Alvernaviridae

Virus classification
- (unranked): Virus
- Realm: Riboviria
- Kingdom: Orthornavirae
- Phylum: Pisuviricota
- Class: Pisoniviricetes
- Order: Sobelivirales
- Family: Alvernaviridae

= Alvernaviridae =

Family of viruses

Alvernaviridae is a family of non-enveloped positive-strand RNA viruses. Dinoflagellates serve as natural hosts. There is one genus in this family, Dinornavirus, which contains one species: Heterocapsa circularisquama RNA virus 01 (Dinornavirus heterocapsae).

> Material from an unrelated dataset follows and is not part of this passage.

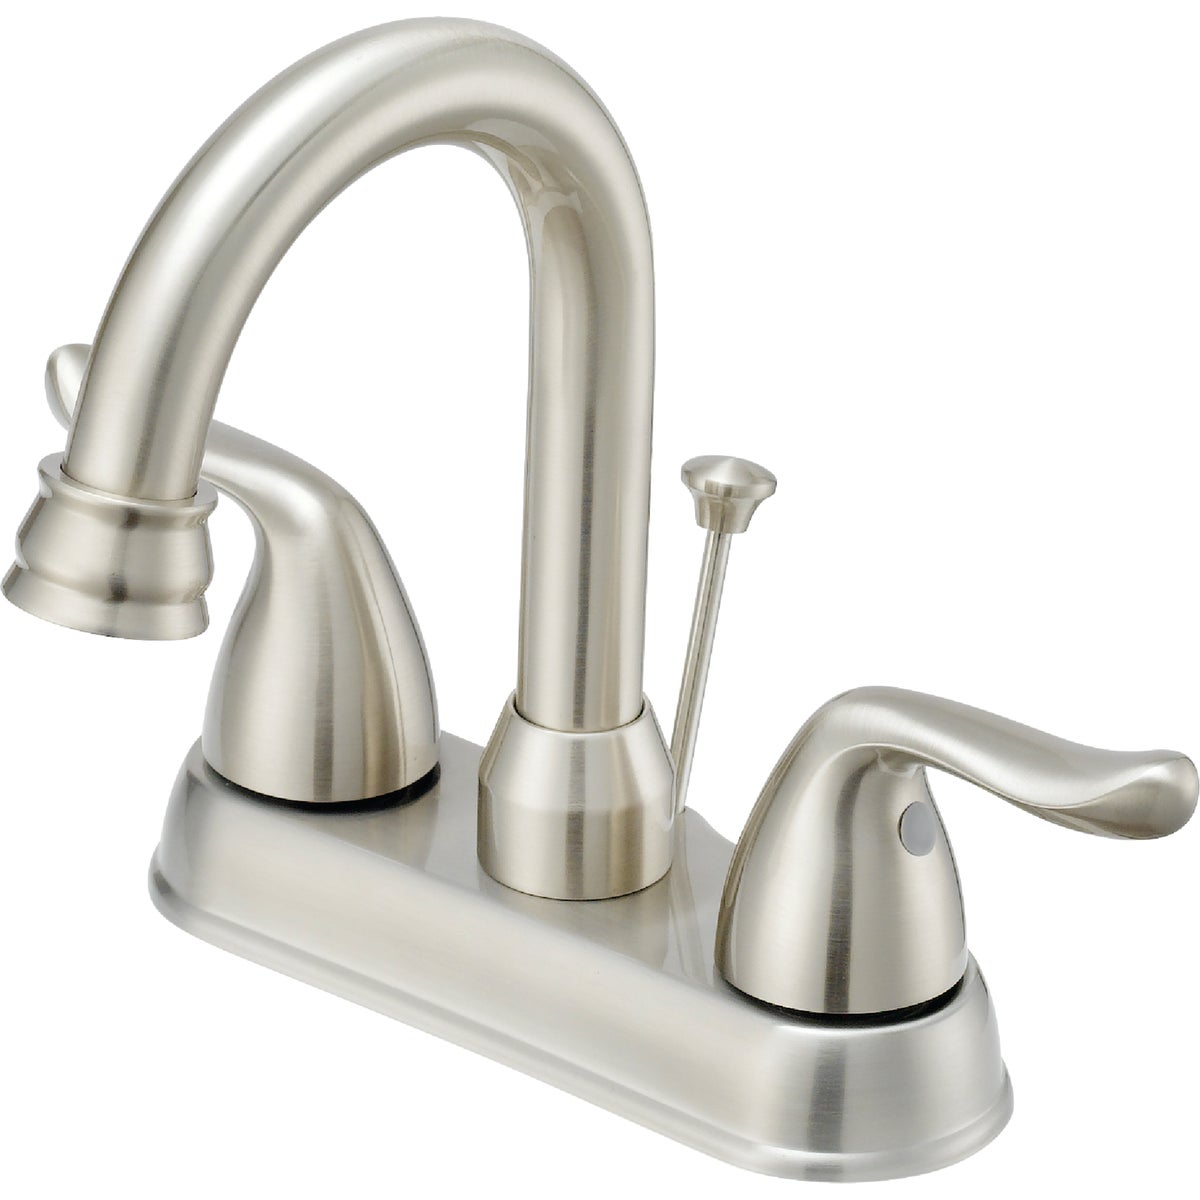 Item 405169, Two handle bathroom faucet with hi-arc spout and pop-up drain.
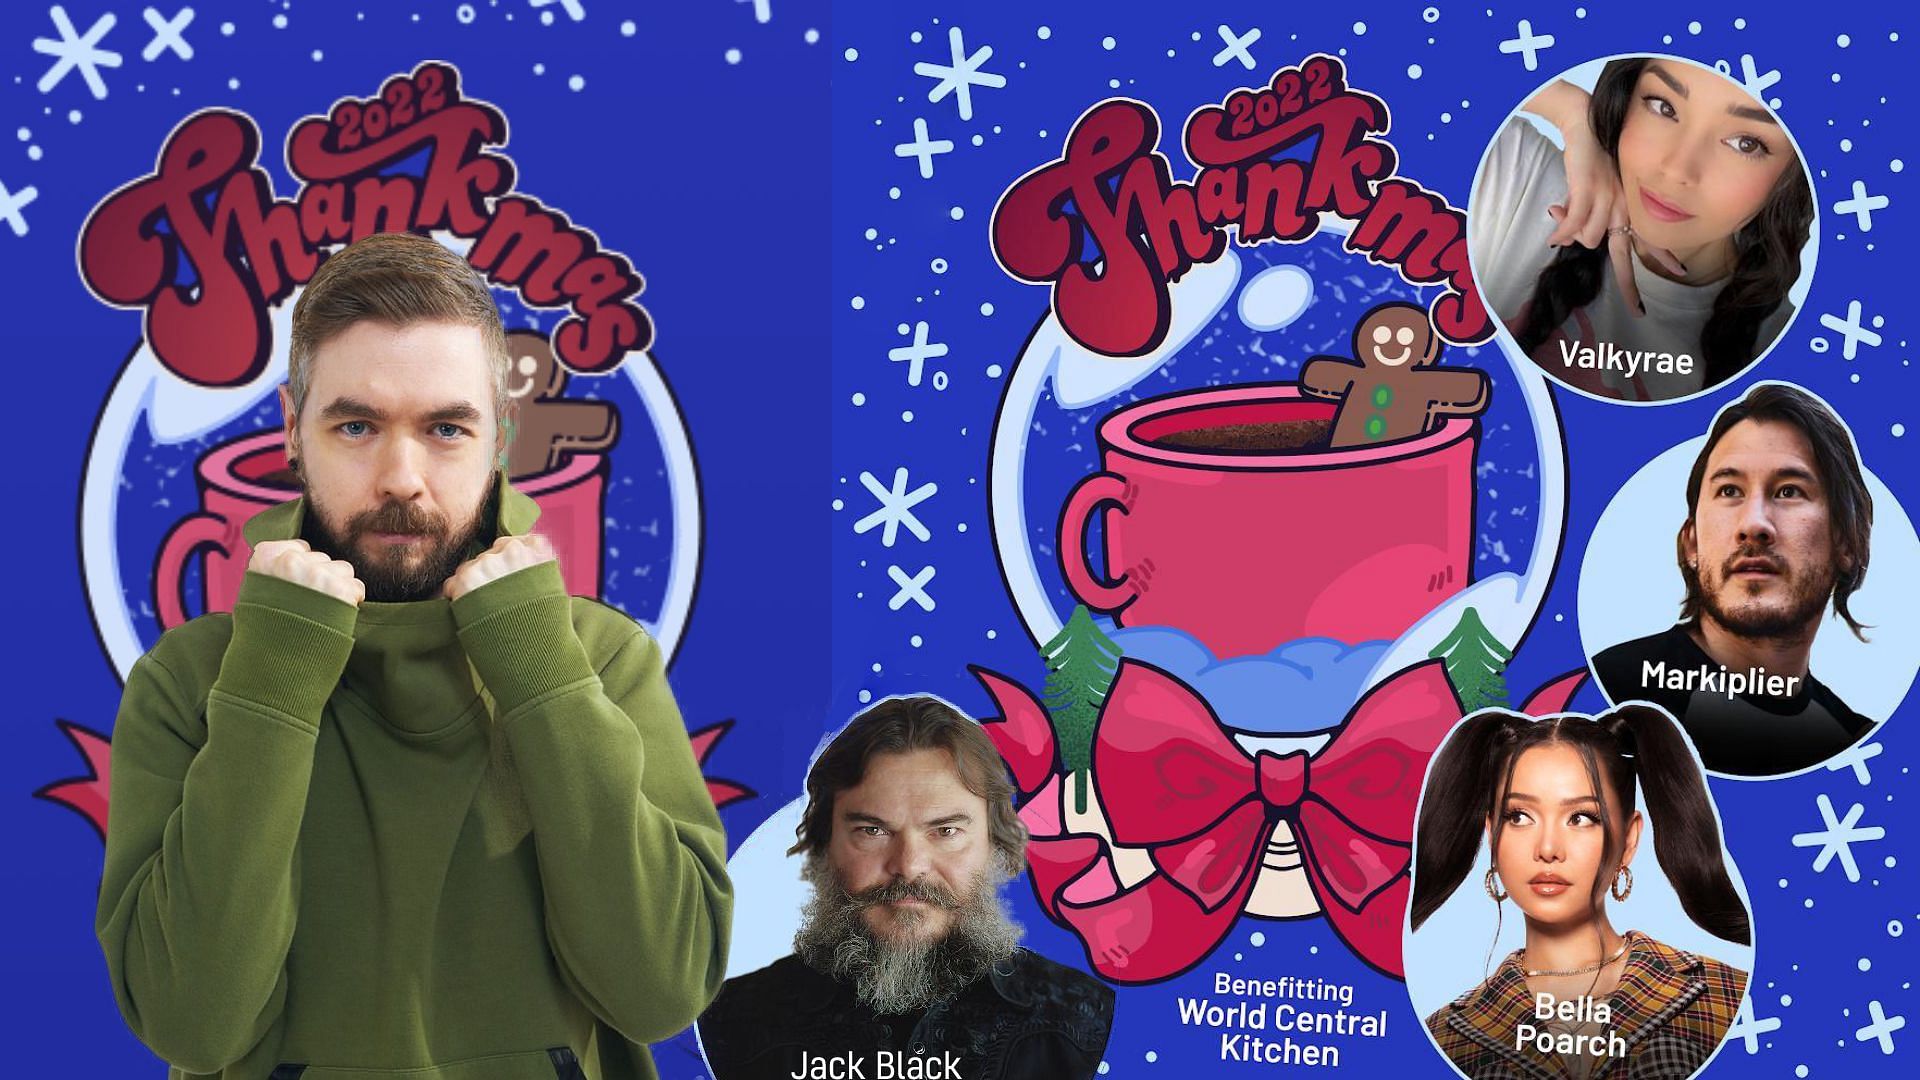 Thankmas JackSepticEye reveals celebrity guest list for this years Thankmas fundraiser, including Bella Poarch, Jack Black, Valkyrae, and others

Diseases associated with this family include host population control, possibly through lysis of the host cell.

==Structure==
Viruses in Alvernaviridae are non-enveloped, with icosahedral and spherical geometries, and T=3 symmetry. The diameter is around 34 nm.

== Genome ==
Genomes are linear and non-segmented, around 4.4kb in length.

==Life cycle==
Viral replication is cytoplasmic. Entry into the host cell is achieved by penetration into the host cell. Replication follows the positive-strand RNA virus replication model in the cytoplasm. Positive-strand RNA virus transcription is the method of transcription. The virus is assembled in the cytoplasm. Dinoflagellates serve as the natural host.